Sense of community (SOC) describes the social connections, mutual concerns, and values that exist within a community. Residents were asked to give their neighborhood a SOC rating. Results (Figure 2) were very similar to the happiness ratings. Those who were married (12%), lived in a single family home (9%), owned a home (12%), and had excellent health (22%) were more likely to report a high SOC rating. Having children resulted in a slight decrease in SOC (1%).

Existing research has found that individuals who have a strong connection to their community are happier [4,5,6], but do happy people seek out the social interaction and fellowship that are essential components of strong communities? According to the study sample, the answer is yes. In fact, Figure 3 shows that 94% of those with high SOC reported being happy or very happy with their lives. This high association indicates a powerful connection. Moreover, an analysis was performed to control for the effects of the demographic variables featured in Figures 1 and 2, and the results showed that happiness alone accounts for 7% of an individual’s SOC.

Decades of research has revealed that there are some qualities that happy people have in common. Among these are quality relationships with friends and family members [7,8]. This research suggests that happiness impacts more than just social bonds. Happy people are more connected to the neighborhoods in which they live. This sense of community contributes to social capital growth and has shown to be a catalyst for positive behaviors in the community such as volunteering and neighboring. This connection has implications for community planners, public health officials, and residents alike. Promoting happiness not only enhances individual aspects of our life, but it also impacts how we feel about our neighborhood community.

Source: The data for this article were collected in a June, 2016 Consumer Sentiment Survey of Florida residents conducted by the University of Florida Bureau of Economic and Business Research Survey Research Center.

Acknowledgement: The authors wish to thank Joshua Tippery for his assistance with survey administration and data collection. Banner artwork by Lorissa C. Porter.

 


References

[1] De Neve, J., Christakis, N. A., Fowler, J. H., & Frey, B. S. (2012). Genes, economics, and happiness. Journal of Neuroscience, Psychology, and Economics, 5(4), 193-211.

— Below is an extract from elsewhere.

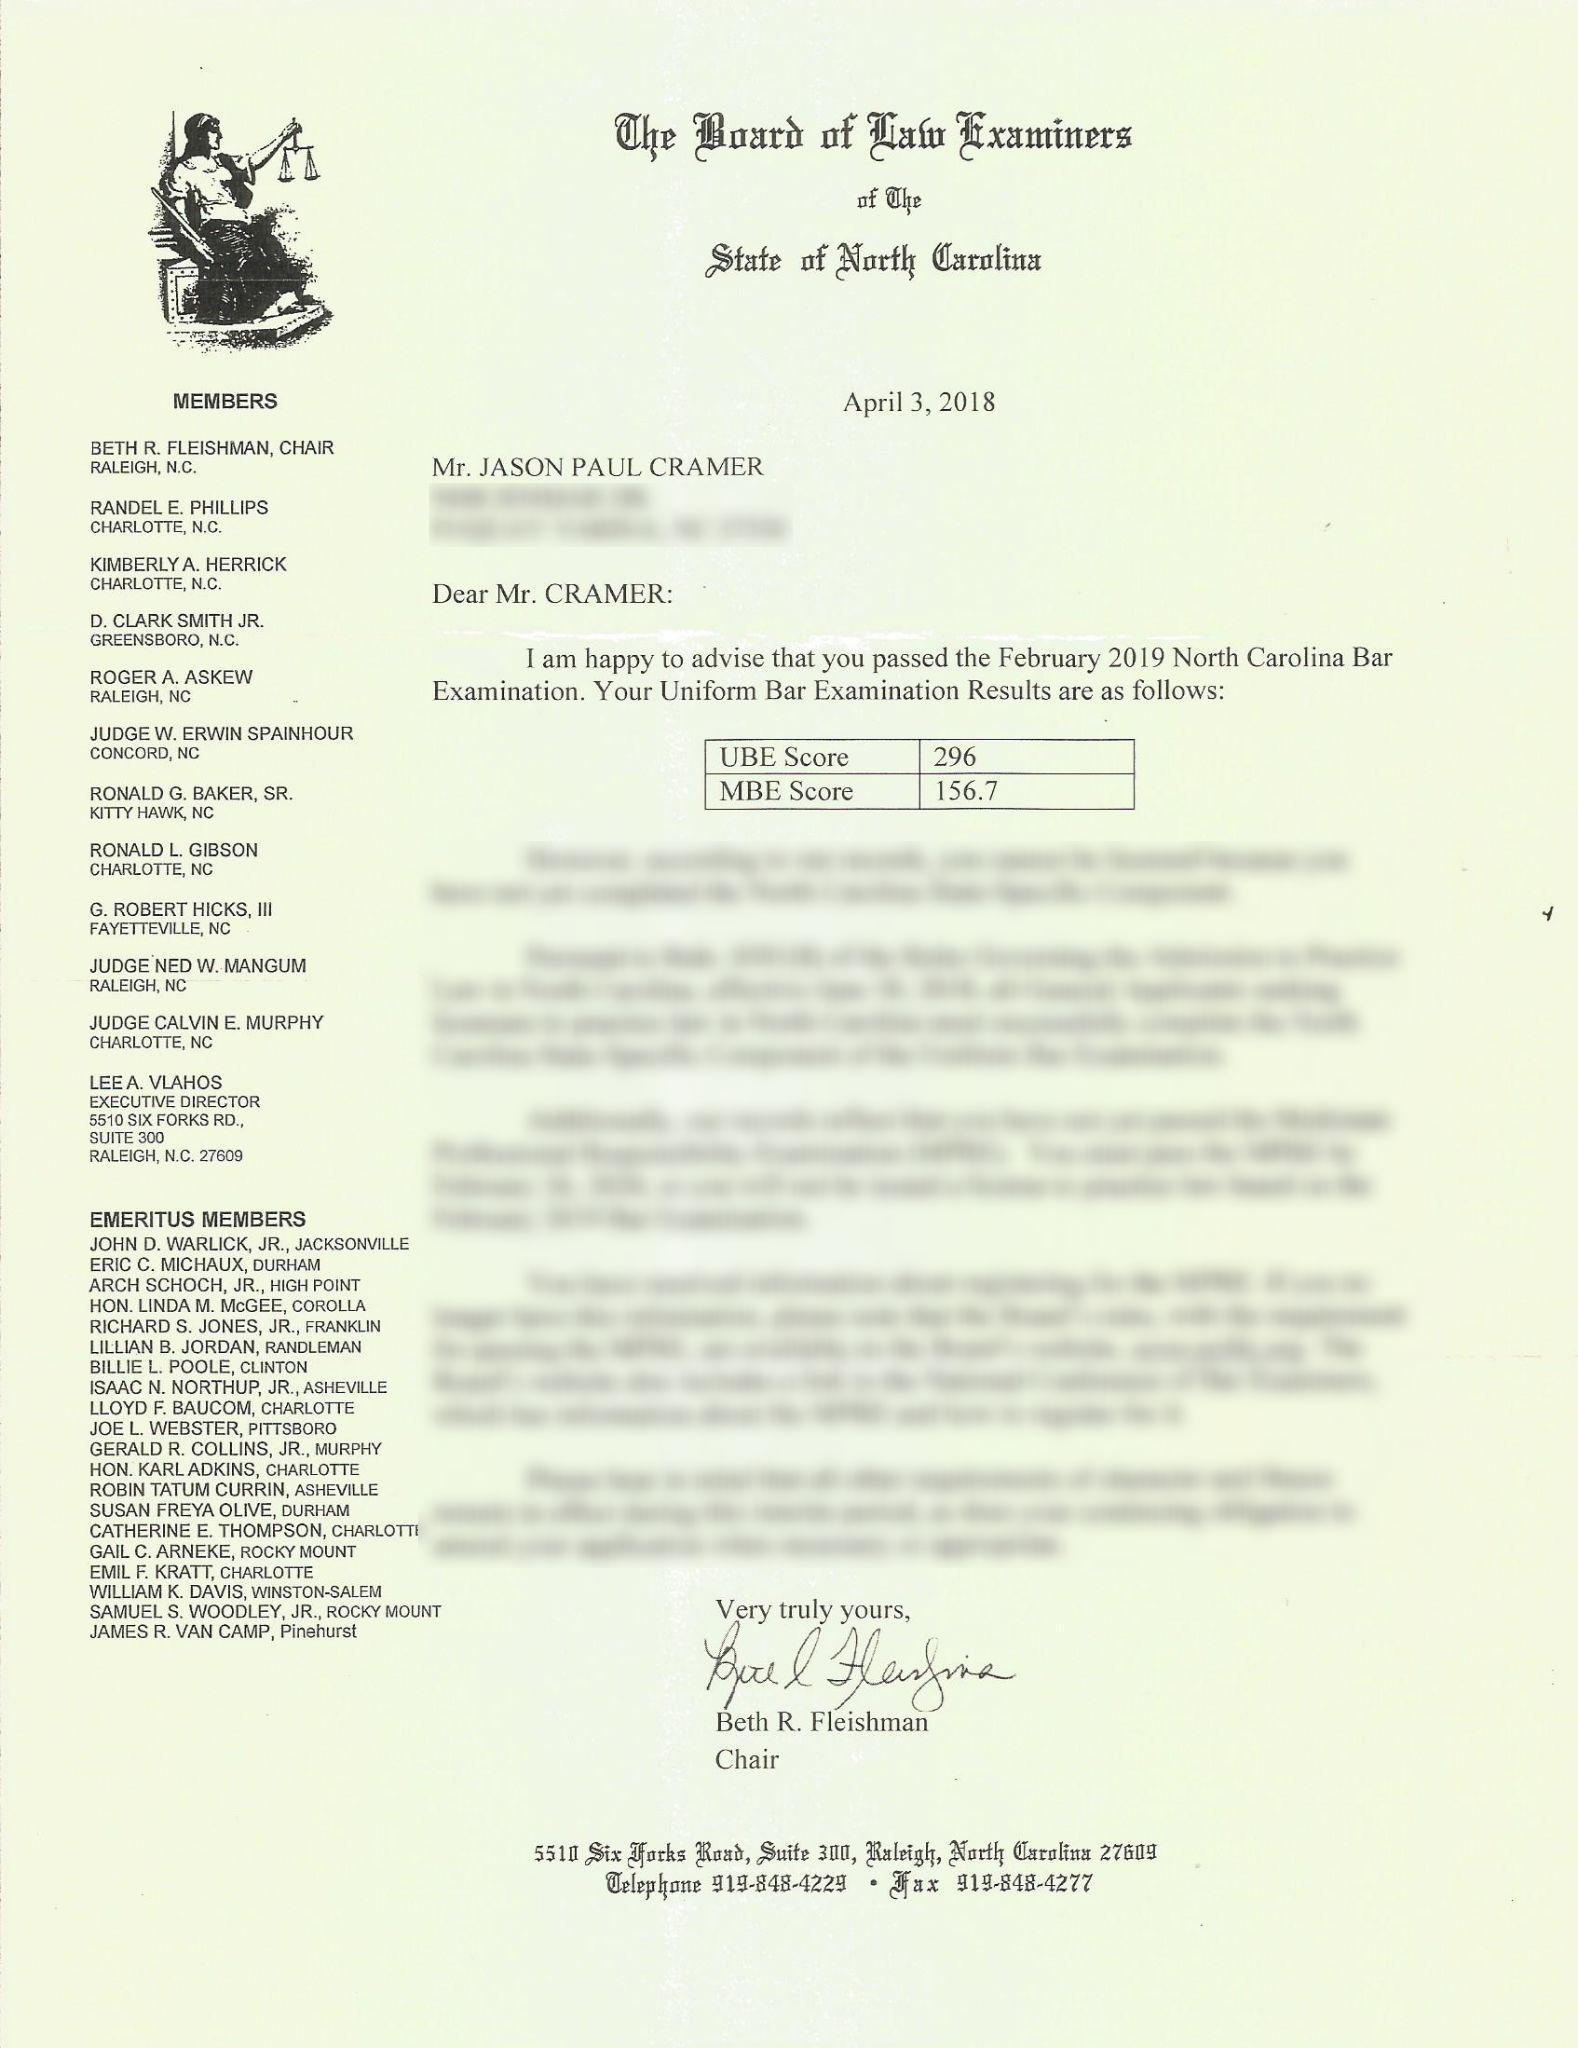 North Carolina Bar Pass Notice (alt)

[2] Lyubomirsky, S. (2001). Why are some people happier than others?: The role of cognitive and motivational processes in well-being. American Psychologist, 56(3), 239-249.

[3] Kahneman, D., & Deaton, A. (2010). High income improves evaluation of life but not emotional well-being. Proceedings of the National Academy of Sciences of the United States of America, 107(38), 16489-16493.

[4] Diener, E., & Oishi, S. (2005). The nonobvious social psychology of happiness. Psychological Inquiry, 16(4), 162-167.

[5] Pretty, G. M. H., & Conroy. (1996). Sense of community and its relevance to adolescents of all ages. Journal of Community Psychology, 24(4), 365.

[6] Prezza, M., Amici, M., Roberti, T., & Tedeschi, G. (2001). Sense of community referred to the whole town: Its relations with neighboring, loneliness, life satisfaction, and area of residence. Journal of Community Psychology, 29(1), 29-52.

[7] Lyubomirsky, S., King, L., & Diener, E. (2005). The benefits of frequent positive affect: Does happiness lead to success? Psychological Bulletin, 131(6), 803-855.

[8] Oishi, S., Diener, E., & Lucas, R. E. (2007). The optimum level of well-being: Can people be too happy? Perspectives on Psychological Science, 2(4), 346-360.